Unlike the Quickens of yesteryear, blockchain technology and cryptocurrency have the power to either completely omit traditional large centralized entities from the borrowing / lending equation or to be used by FinTechs as a way around problems. existing in the loan space. While crypto firms are more of a radius than the hub of this dynamic, there is an array of centralized and decentralized lending and borrowing services. Each offers its own advantages and disadvantages to users.

The decision between the two comes down to whether users have chosen to trust the code or a company with custody of their funds.

Giving people access to capital that they would not otherwise have access to is a powerful idea. Yet it wasn’t until 2018 that a centralized company emerged with a plan to do just that. This company was Nexo, the company behind the first crypto-backed credit service and our case study for this new form of lending. Nexo harnessed the potential of blockchain to create a secure, borderless borrowing and lending platform, eradicating the inefficiencies and vulnerabilities of centralization.

Blockchain smart contracts enable Nexo and its clients to make deals that will automatically be executed by the company’s proprietary algorithm if both parties comply with their terms. This algorithm, and not biased third parties, ensures that the terms of a contract are met and protects both the lender and its clients from defaults.
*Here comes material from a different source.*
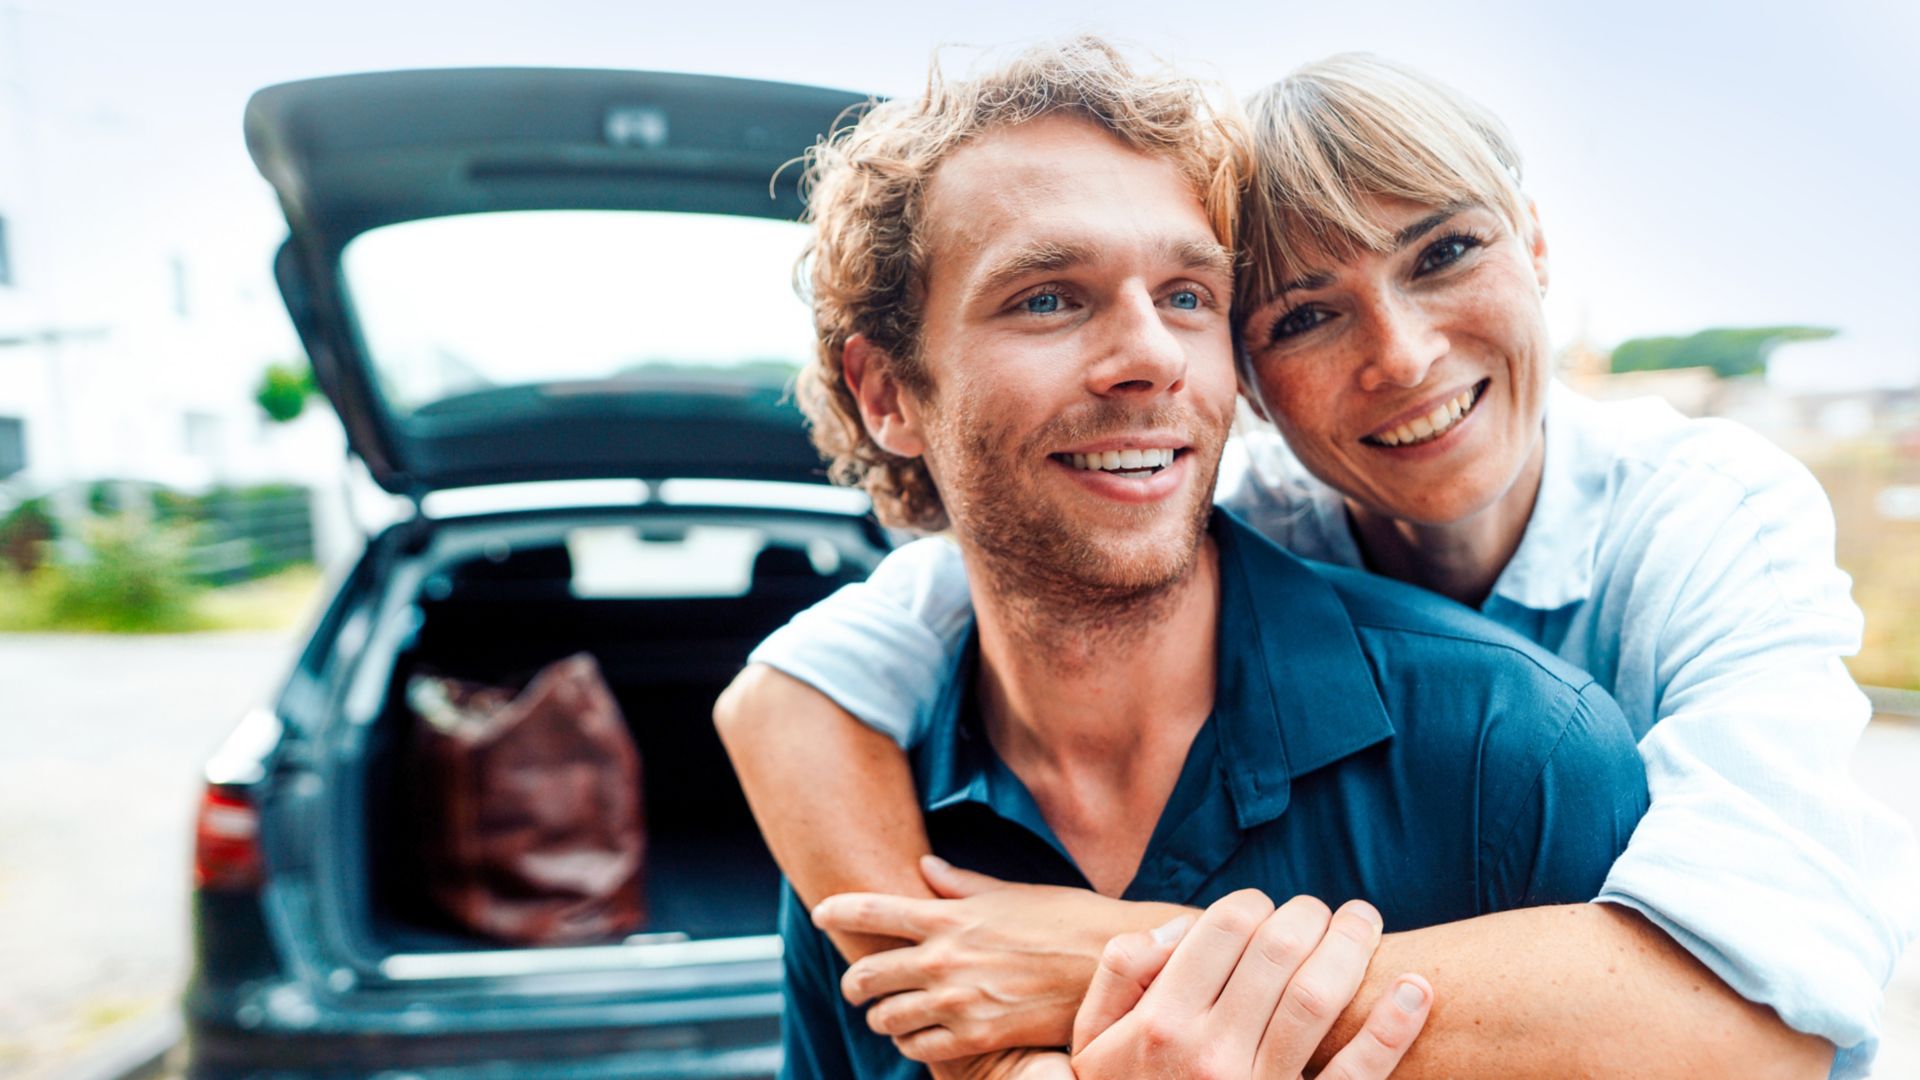 Smiling woman embracing man on vacation

The fully digital nature of cryptocurrencies also allows Nexo to instantly offer credits in over 200 jurisdictions and over 40 fiat currencies, making the service geographically borderless. When it comes to overcoming socio-economic barriers, the lender’s lines of credit are accessible to anyone with the necessary crypto-collateral to secure their loan. Customers can also take out as little as $ 10, making flexible and profitable credit accessible to underbanked and unbanked groups.

The borrowing and borrowing rates of this new generation of credit institutions also largely eclipse those of today’s major lenders (i.e. banks). On the Nexo platform, the credit is billed at an APR as low as 5.9% with no credit score taken into account. The company also offers users up to 12% return on staked cryptocurrencies, stablecoins, and fiat.s.
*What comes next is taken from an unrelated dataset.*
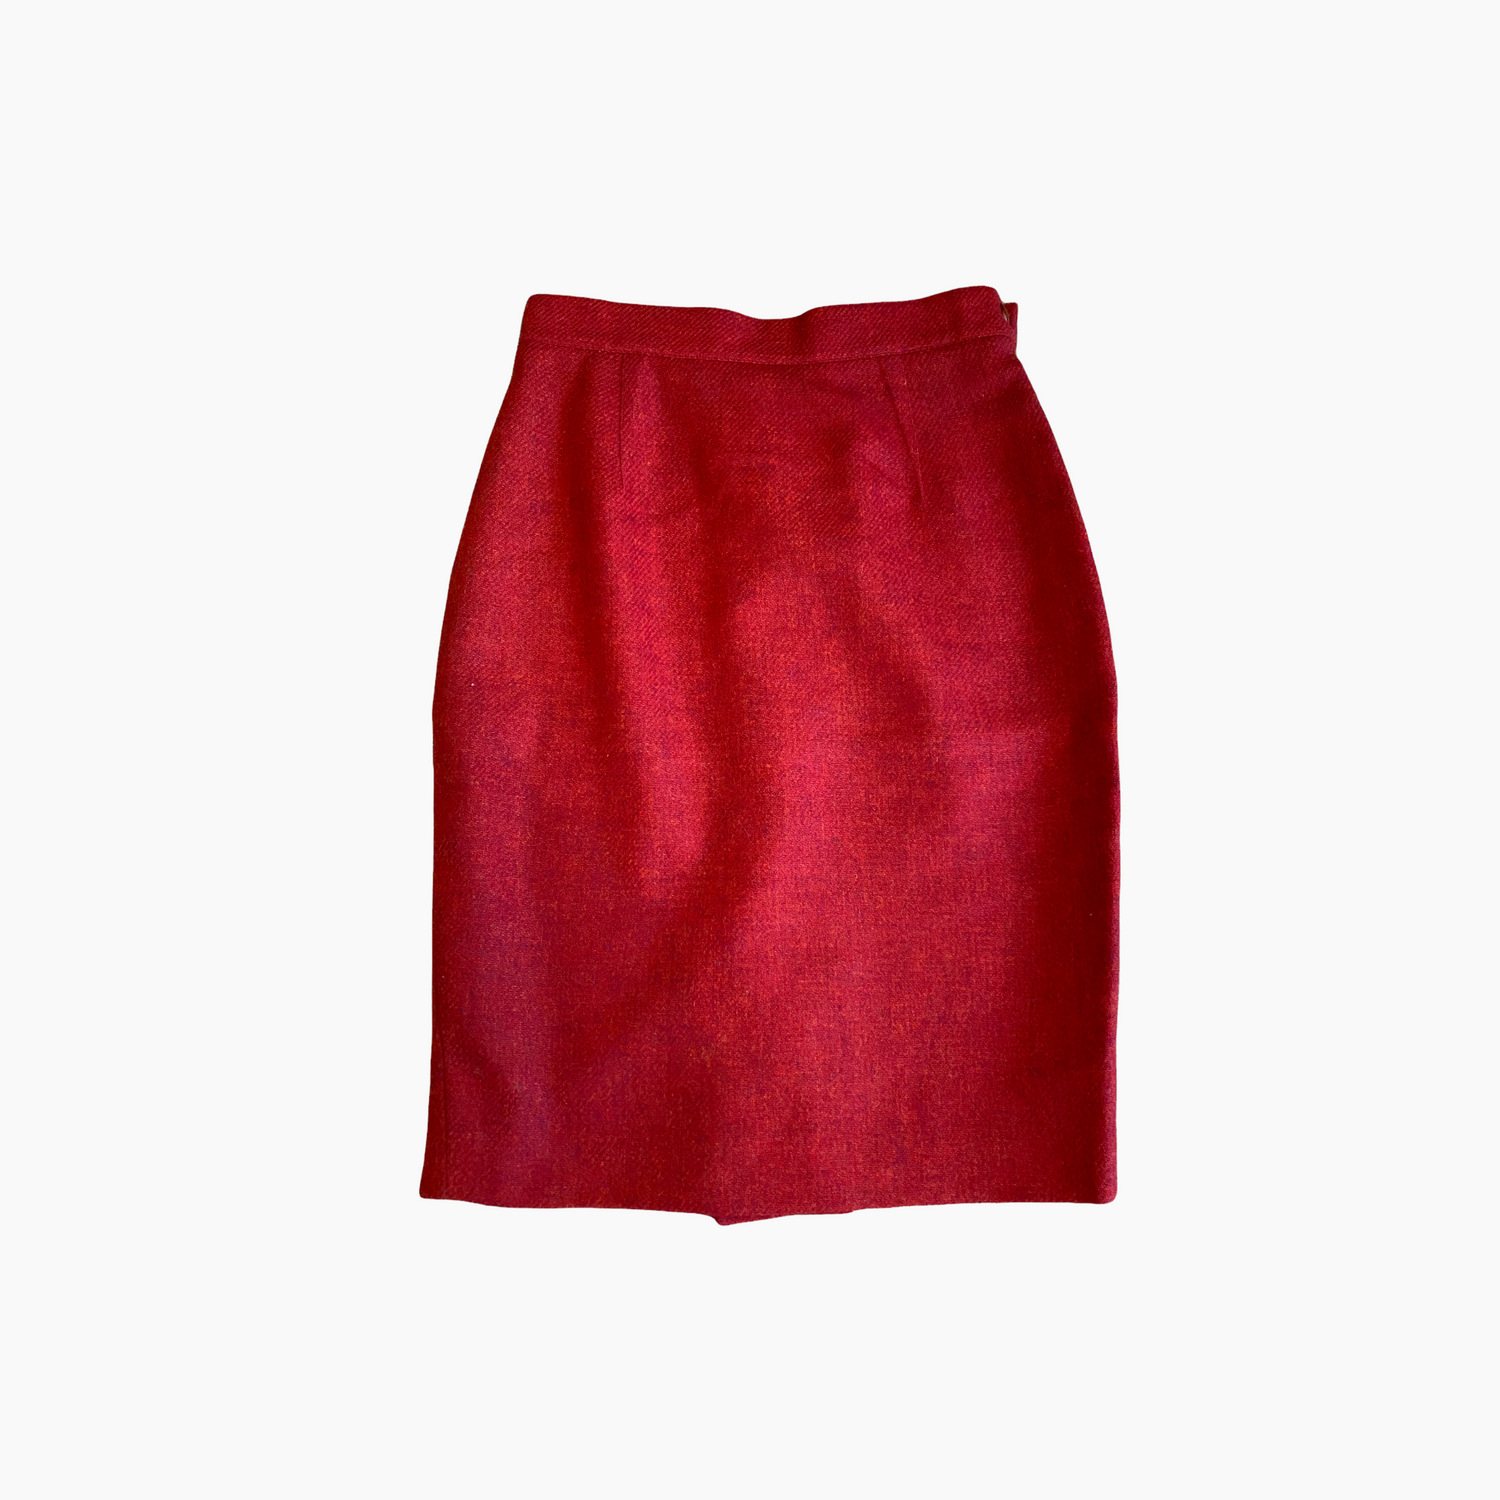 Mugler vintage skirt in red tweet with lace up detail - S - 1990s Lysis

While users may experience slightly higher returns on decentralized alternatives, tradeoffs include rates that rarely hold up and underdeveloped platform security (as a new phenomenon, decentralized platforms quite often suffer from bugs and hacks).

Either way, users who enter this space are sure to outperform traditional banks. And as cryptocurrencies continue to capture the hearts and minds of the financial world, we can be sure that lending and borrowing will also receive renewed attention.